Qvest and SRMG have announced a joint venture aimed at enhancing media, production and technology services in Saudi Arabia, encompassing foresight and innovation, change management, cloud adoption, data and analytics, media supply chain technologies and content distribution.
The joint venture will strategically support businesses within the Saudi Arabian market and beyond.
Based in Riyadh, the joint venture has already started collaborating on its first projects, with the goal of becoming fully operational by the first half of 2024.
The partners have also identified several other potential projects for the joint venture across media and entertainment, telecommunications, energy, industry, tourism, public sector and sports.
This newly established joint venture is committed to ensuring that its business activities and growth are aligned with the demands of the country’s high-profile giga projects.
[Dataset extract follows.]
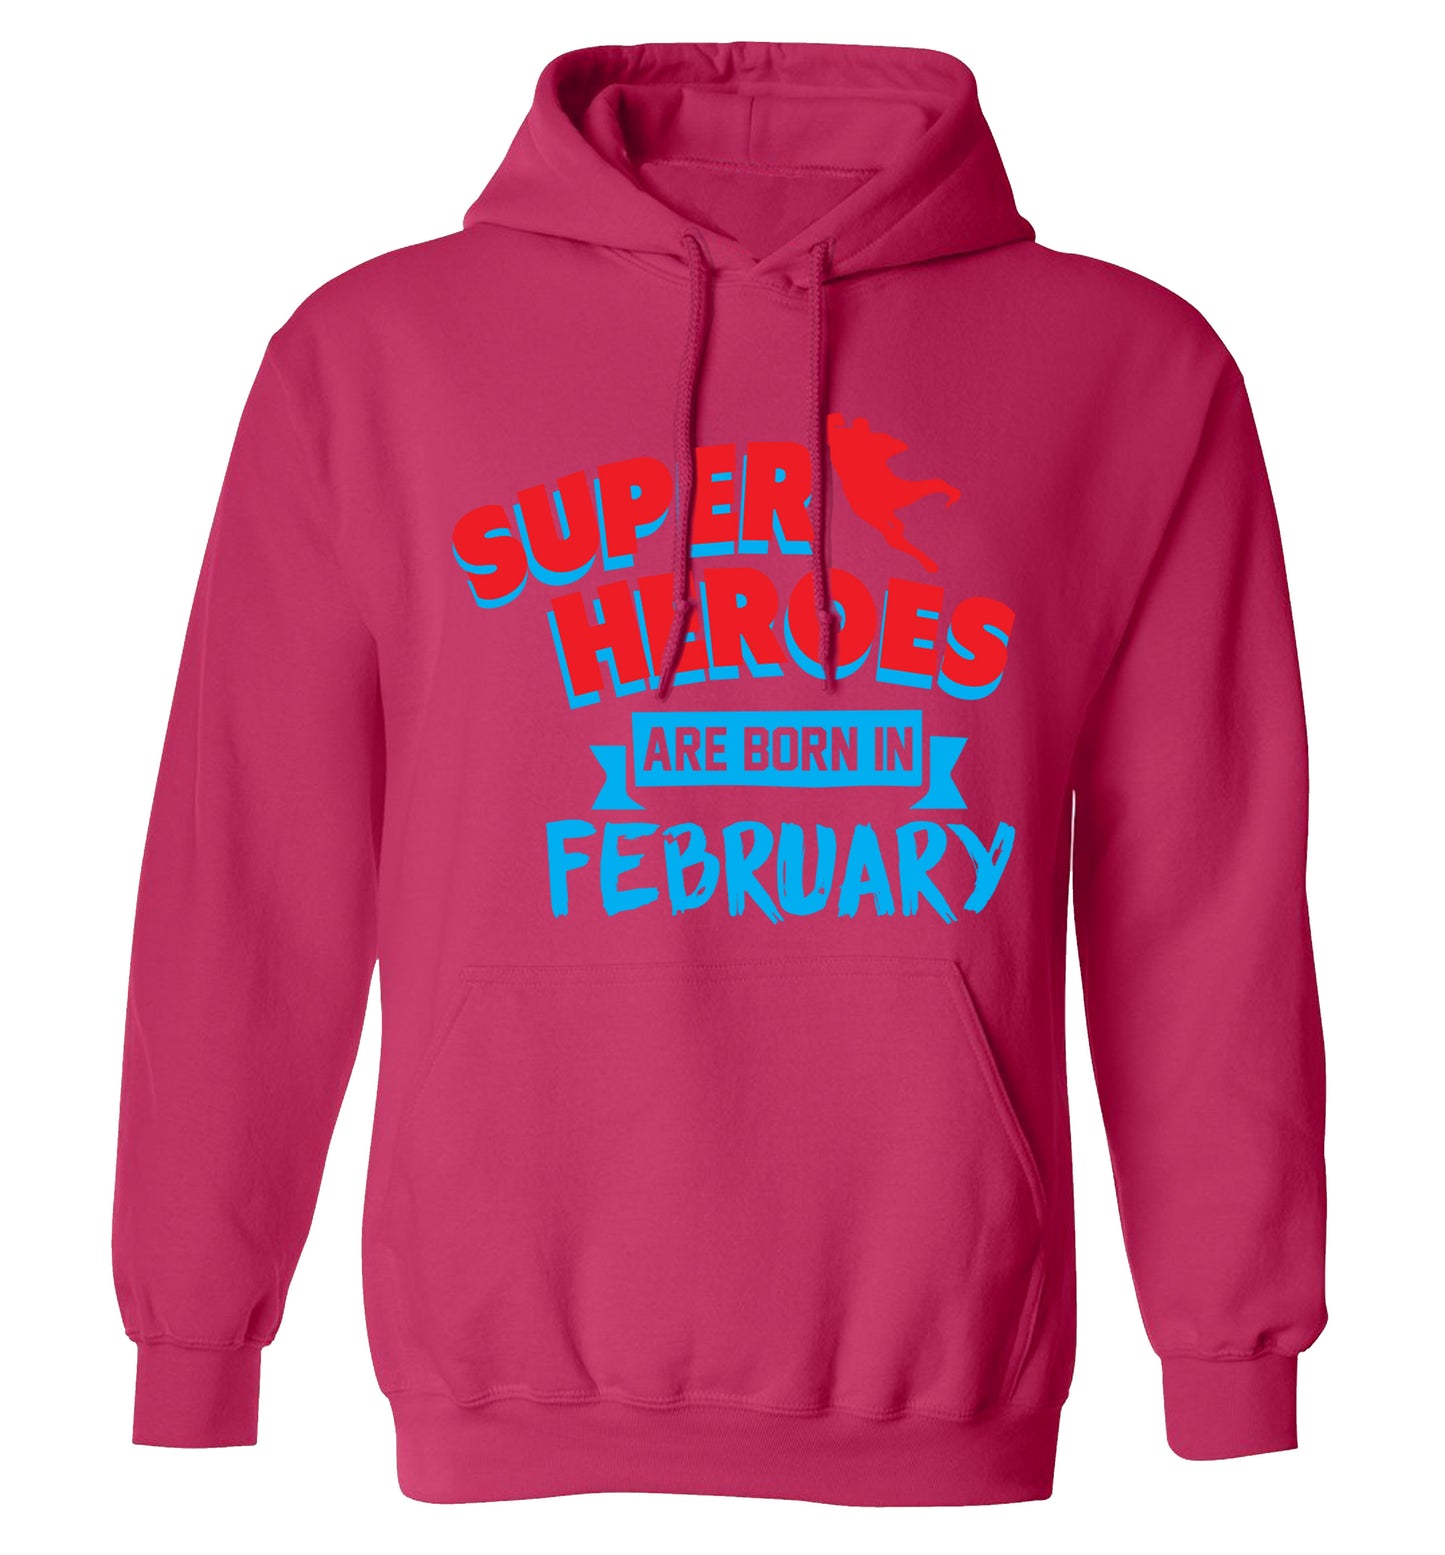 superheroes are born in February adults unisex pink hoodie 2XL

Mohammed Nazer, CFO and CIO of SRMG: “This partnership harnesses Qvest’s global expertise and SRMG’s regional strength, ensuring that we have the technological infrastructure in Saudi Arabia to bolster key industries like media and entertainment, telecommunications, energy, tourism, sports, and others.”
The media and entertainment sector in the MENA region are projected to increase by 9 per cent to exceed USD 20 billion by 2026.
As a direct result of this and other major developments, Saudi Arabia’s media industry is expected to grow by more than 10 per cent annually by 2030.
Peter Nöthen, CEO of the Qvest Group: “With this joint venture, we will create a structure where SRMG, Qvest, and customers benefit equally and sustainably from expertise and insights.
“We will strengthen future-oriented businesses in this country and boost its enormous potential.”